The required output holds only the lines from the one containing "Princess Swan Kids Swim Goggles" through the end of the material below, copied exactly, please, with no pictures.

§ **Recorded information**
↓
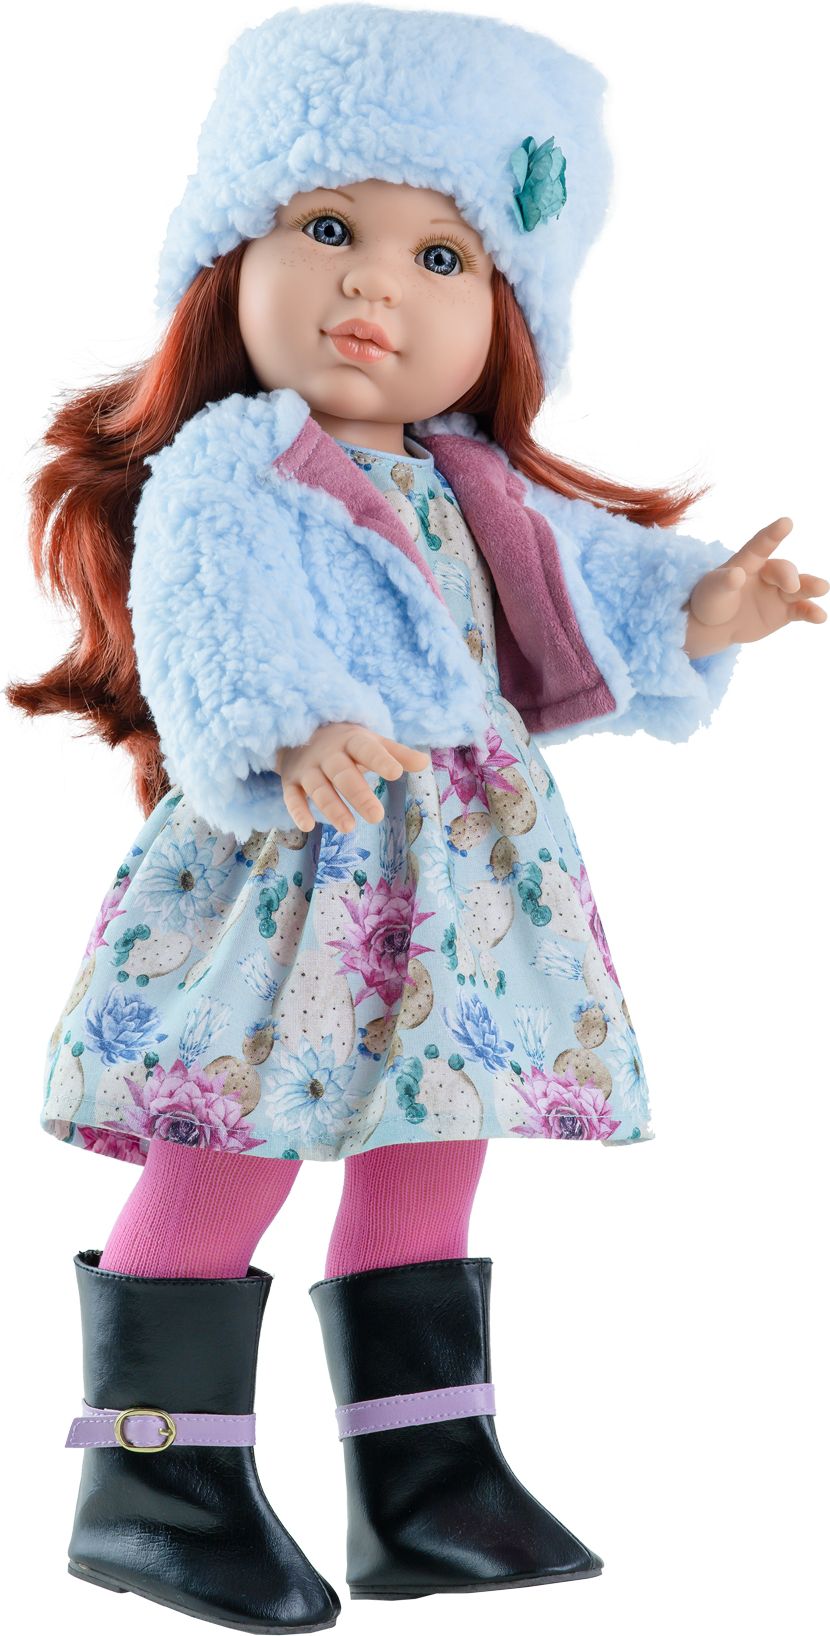 Realistická panenka Becky v modrém huňatém kabátku  od f. Paola Reina - obrázek 1
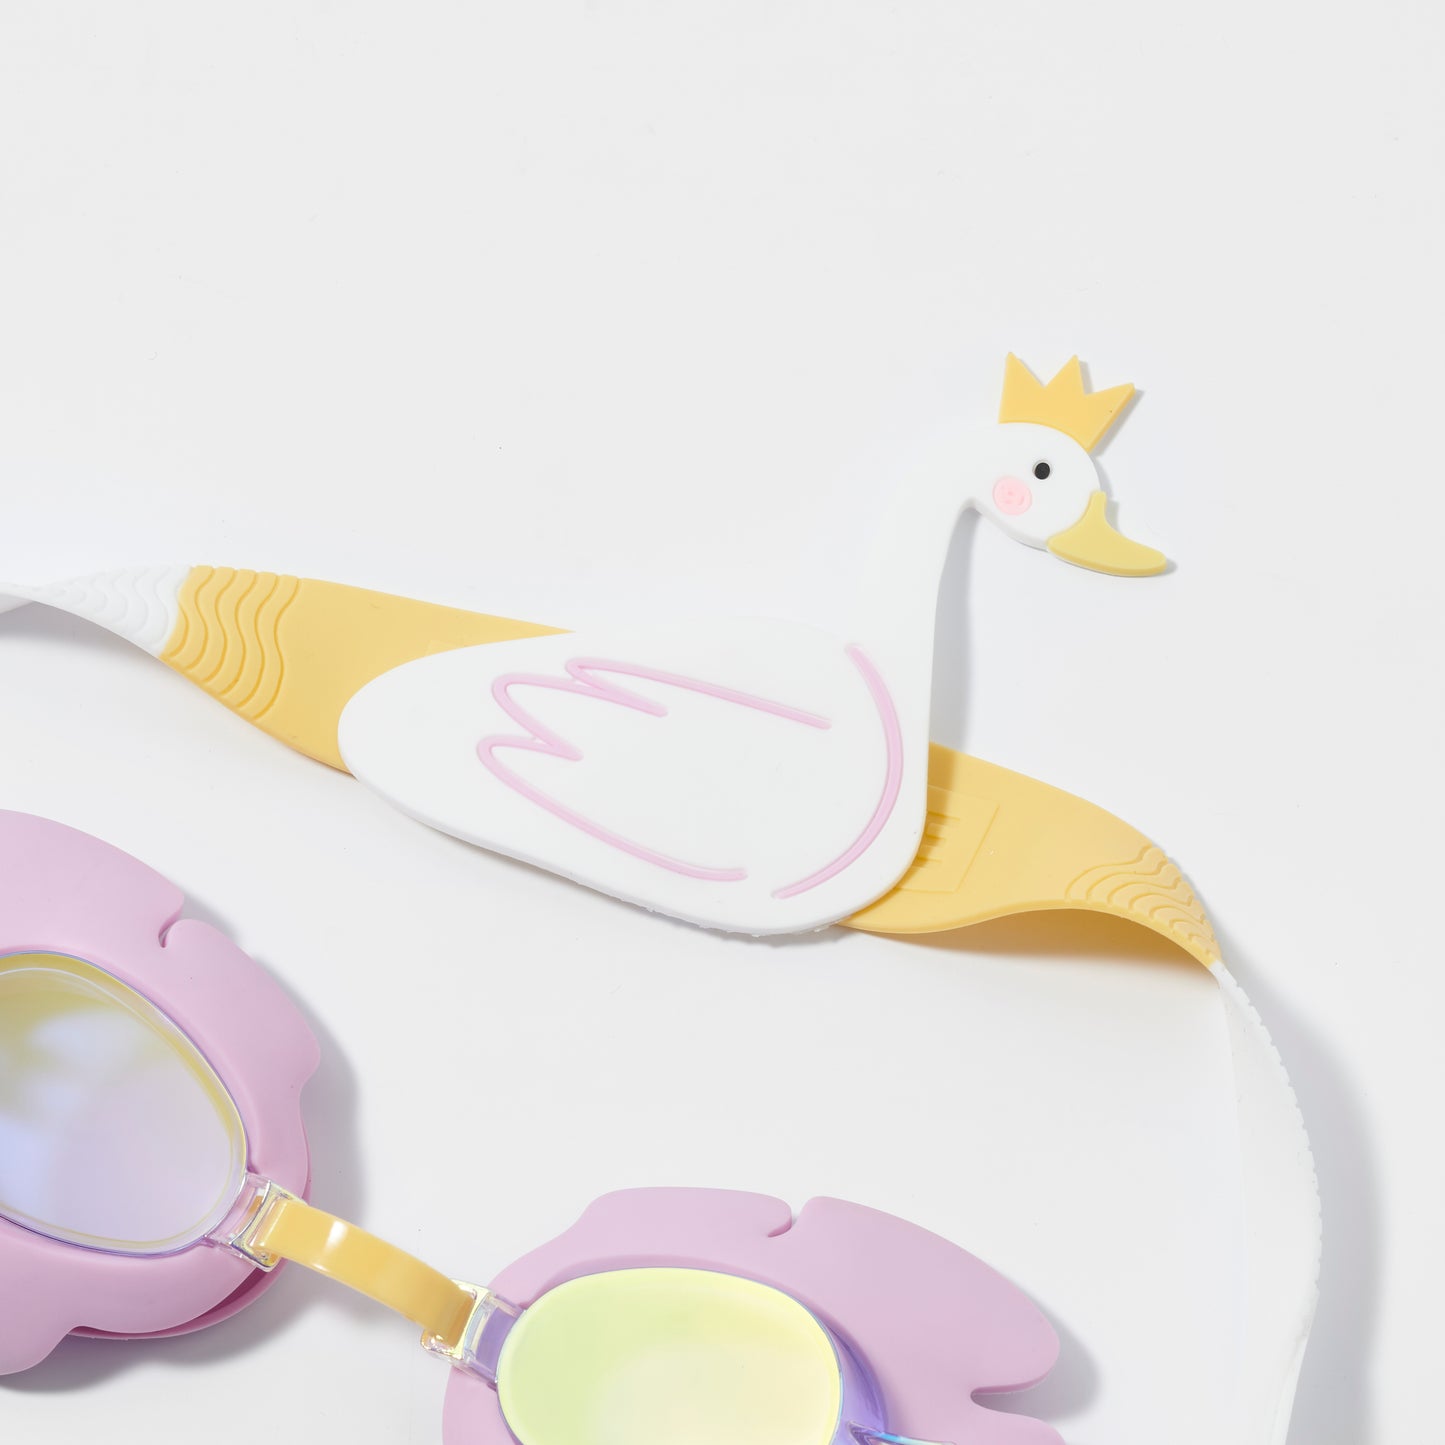 Princess Swan Kids Swim Goggles
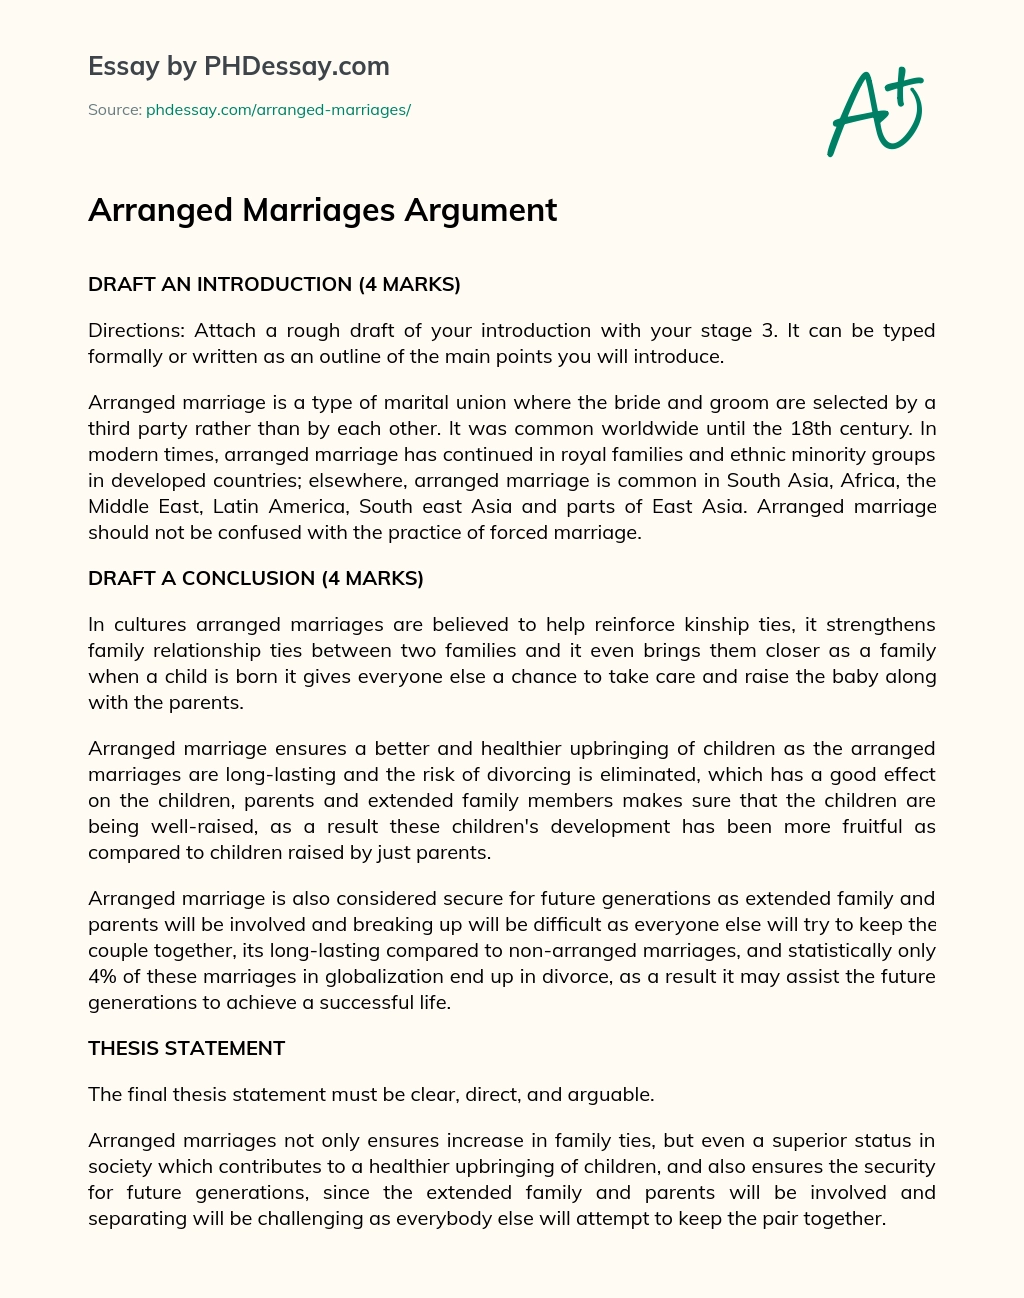 Arranged Marriages Argument essay
↑
§ **Written reply**
 Princess Swan Kids Swim Goggles
 Arranged Marriages Argument essay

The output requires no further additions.